Notes on Google Bigtable.

Paper

Overview.

  • Google Bigtable - a horizontally-scalable multidimensional sorted map.
    • API allows users to write rows with a unique key, and a set of columns. Tables are sorted by key and queryable with the basic operators (e.g. equality, lt, gt).
  • The key feature of Bigtable is its horizontal scalability.
    • Let’s use the example of an English dictionary for our database table. The keys are the words, the values are the definitions.
    • When we add more words, the dictionary might become too large for a single node to host. So we split the table into two halves - these are called tablets.
    • A tablet covers a key range. So for example, entries A-L are stored in tablet #1, and entries M-Z are stored in tablet #2. This covers the entire keyspace of A-Z.
    • Tablets have a fixed capacity, and get split when they become too large. For example, if we added 10K new words beginning with A to tablet #1, it might become over capacity and get split. Splitting would produce new tablets, each with smaller key ranges - e.g. tablet #1 of [Aa, Ae], tablet #2 of [Ae, L], and tablet #3 would remain as [L, Z].
    • Now that we can partition work into equal-sized workloads, it is simple to distribute.
  • Network architecture:
    • The Bigtable network is organised into tablet nodes and a master node. The master node assigns tablets to tablet servers, and tablet servers are responsible for serving reads and writes.
    • A tablet is only owned by one tablet server. Writes to tablets are atomic, and it is straightforward to implement mutable data this way.
    • The Bigtable client libraries automatically handle routing read/writes to the correct tablet servers, based on the tablet identified as being read/written.
  • Summary:
    • Tables are split into tablets, the basic unit of load balancing. Tablets have a fixed capacity and cover a key range.
    • The master node is responsible for assigning tablets to tablet servers, detecting the addition and expiration of tablet servers, and balancing tablet-server load (splitting/merging tablets).

Database storage.

Log structured merge tree (memtable, sstable) is used on tablet servers.

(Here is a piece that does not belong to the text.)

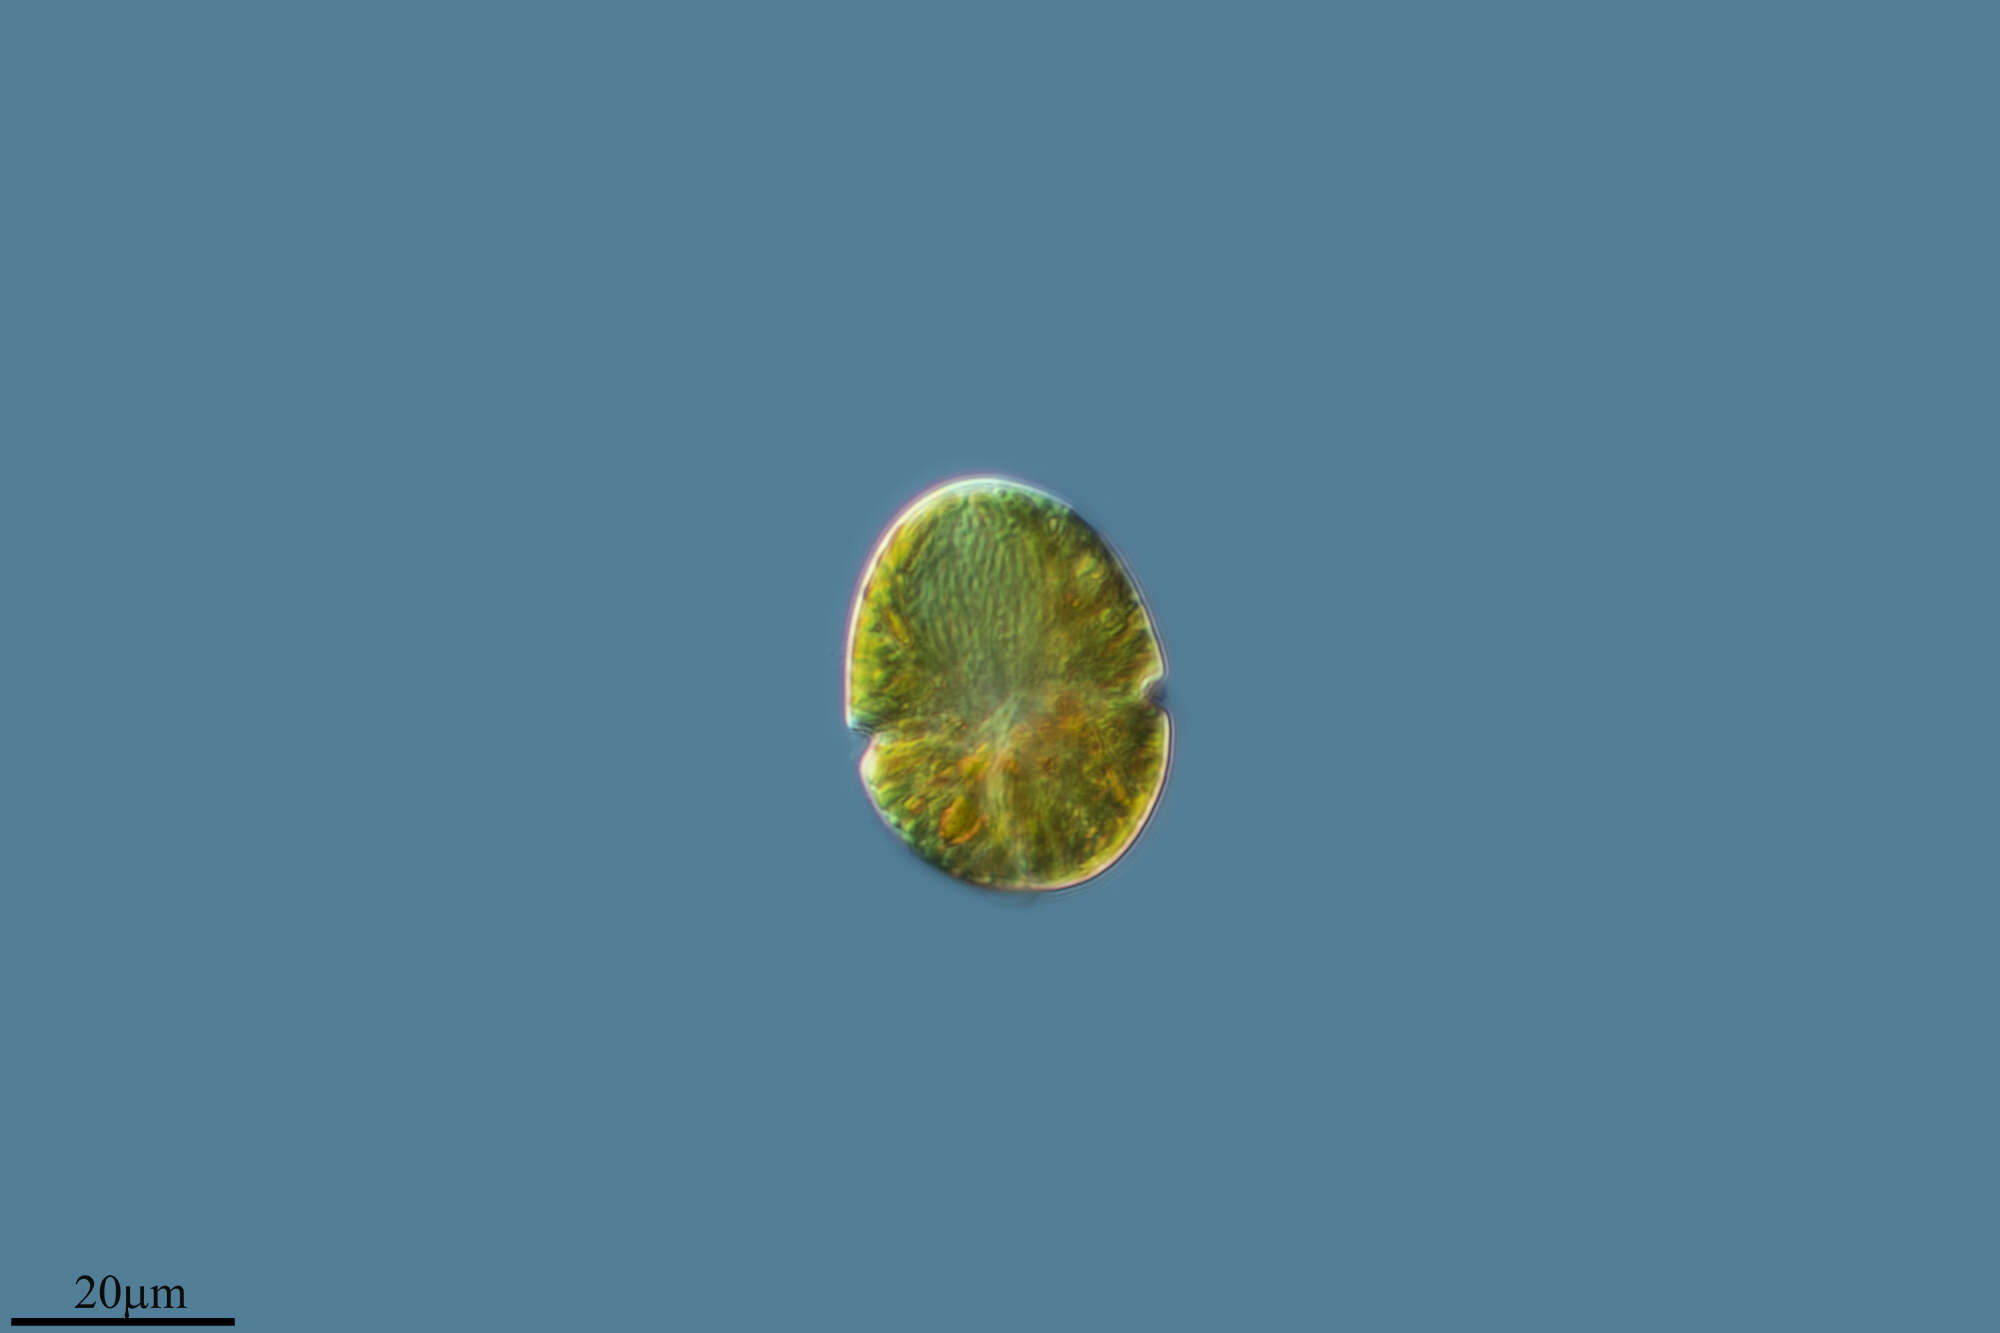 Image of SAR (Stramenopiles, Alveolates, Rhizaria)

The underlying storage for sstables is GFS. Tablet servers store their data in /gfs/tablets/<id>/x.dat. Upon tablet server failure, another tablet server can start and read from this log. GFS provides the durability of data across failures.

Consistency.

  • Master role is kept on Chubby (single lock)
  • Master state is kept on Chubby (strongly consistent)
    • Master state is the tablet location hierarchy.
    • They use something like a B+Tree so that the master looks up the initial locations through Chubby, which then point to sublocations, etc.
  • Master and tablet servers are strongly consistent - only a single node.
  • Failures: if master dies, chubby lock released, another node takes it.

Node roles.

  • Tablet node - responsible for serving read and write requests to a specified tablet.
  • Master node - responsible for:
    • assigning tablets to tablet servers,
    • detecting the addition and expiration of tablet servers,
    • balancing tablet-server load

Master.

The controller regulates the state:

  • partitioning tables into tablets, splitting/merging tablets when they get too large/small.
  • assigning tablets to tablet servers.
  • detecting failures in tablet servers.

Algorithm.

  • handle events:
    • new tablet server
      • assign tablets
    • tablet server liveness changes - dies
      • re-assign tablets
    • tablet.size ≥ 70% max capacity:
      • split tablet.
      • assign tablets.
    • tablet.size ≤ 20% max capacity:
      • merge tablet.
      • assign tablets.
    • create table
  • mechanisms
    • tablet server liveness
      • challenge on-chain for latest state, store it for later and slash if incorrect
    • getting tablet size
      • tablet servers self-report this to master when it hits upper/lower thresholds.

Tablet server.

  • tablets
    • handle writes of rows (append, mutate)
    • handle reads of rows
  • heartbeat to master
    • report load (for all tablets, each size)
  • handle master instructions
    • split:
      • mark old tablet as read only
      • create 2 new tablets
      • copy rows to the new smaller tablet
    • merge:
      • opposite of split